In the six months since the law went into effect, the number of meth labs has fallen by 70 percent, Marshall Fisher told the Register-Herald.

West Virginia is trying to pass a similar bill. The West Virginia Retailers Association, which represents stores including chain pharmacies, independent drug stores and groceries, opposes the bill. The group says an existing law that requires medications containing pseudoephedrine to be located behind the counter is effective.

Oregon requires a prescription for the tablet form of pseudoephedrine. Since Oregon instituted the law in 2005, meth labs have almost disappeared from the state, the Tulsa World reported in June.

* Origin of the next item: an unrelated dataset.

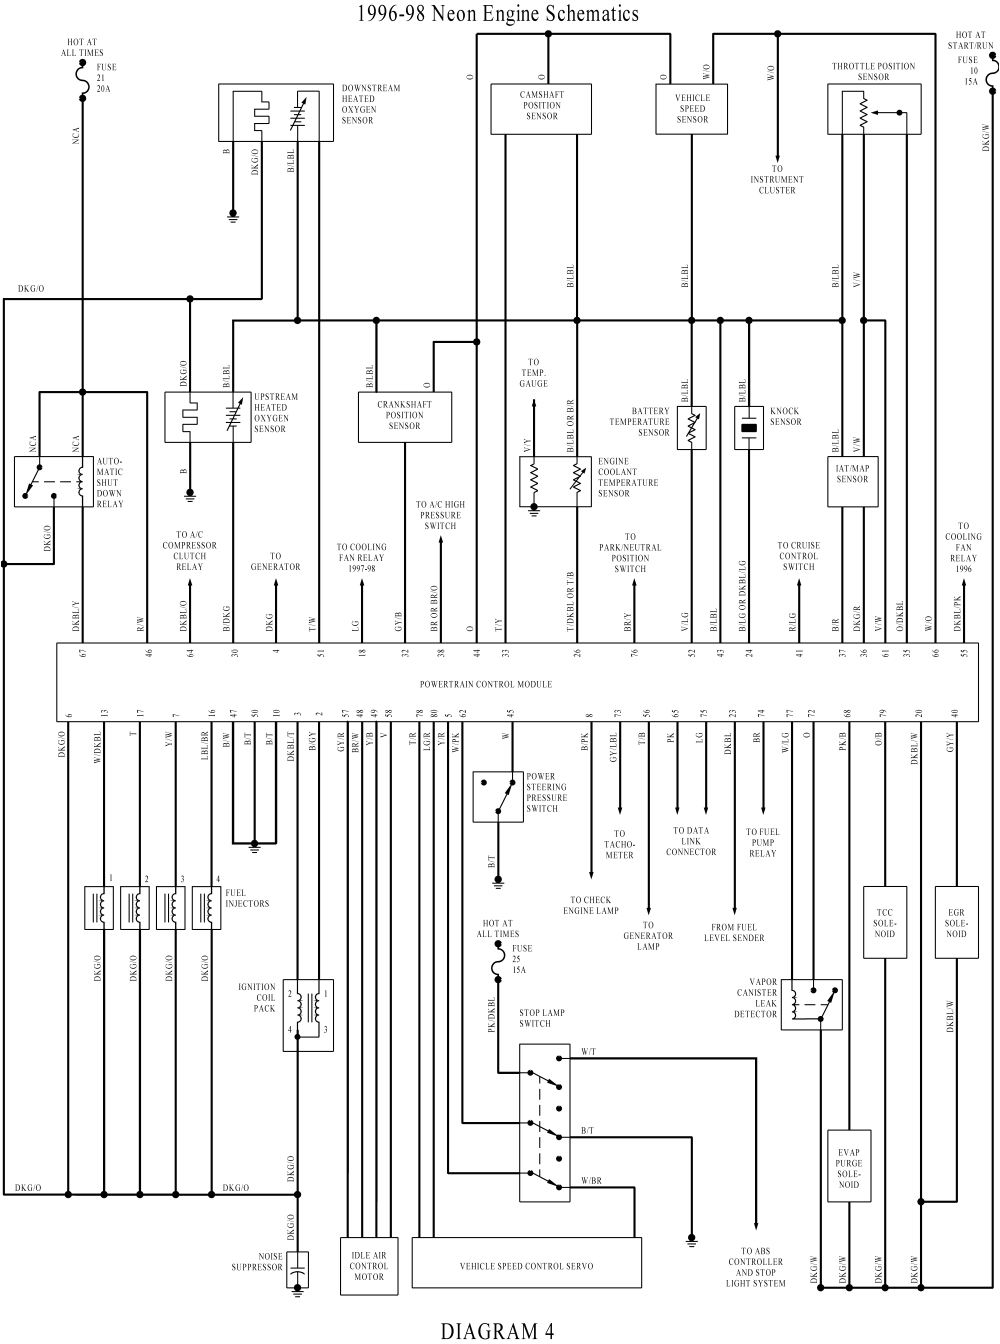 wiring diagram for dodge neon wiring diagram sheet 96 dodge neon spark plug wire diagram 96 dodge neon wiring diagram

2 Responses to this article

  1. Avatar of Paul B
    Paul B / October 24, 2011 at 5:52 pm

    May be missing the point here (not that is even raised. Have not most of the meth production facilities been moved South of the Border? and being controlled in better facilities than a 16 X40 MH could ever hope to achieve, not to mention distribution.

  2. Avatar of tom mcmahon
    tom mcmahon / October 26, 2011 at 7:50 pm

    There’s certainly MTO meth showing up in US cities but the small batch labs are increasing regardless of the Mexican traffic.Small batch labs produce a generally superior dope-cheaply.Pseudo was controlled until 1976, and only it being controlled will stop the small labs.[It won't stop all abuse]Pharma groups are making a fortune on it’s sale so they’re fighting such efforts tooth and nail.Small labs are expected to increase this year by 20 to 30 percent,even with state tracking programs,which are commonly funded by pharmas.

Leave a Reply

Please read our comment policy and guidelines before you submit a comment. Your email address will not be published. Thank you for visiting Drugfree.org


three − 1 =

Disclaimer:
Reproduction in whole or in part of this publication is strictly prohibited without prior consent. Photographic rights remain the property of Join Together and the Partnership for Drug-Free Kids. For reproduction inquiries, please e-mail jointogether@drugfree.org.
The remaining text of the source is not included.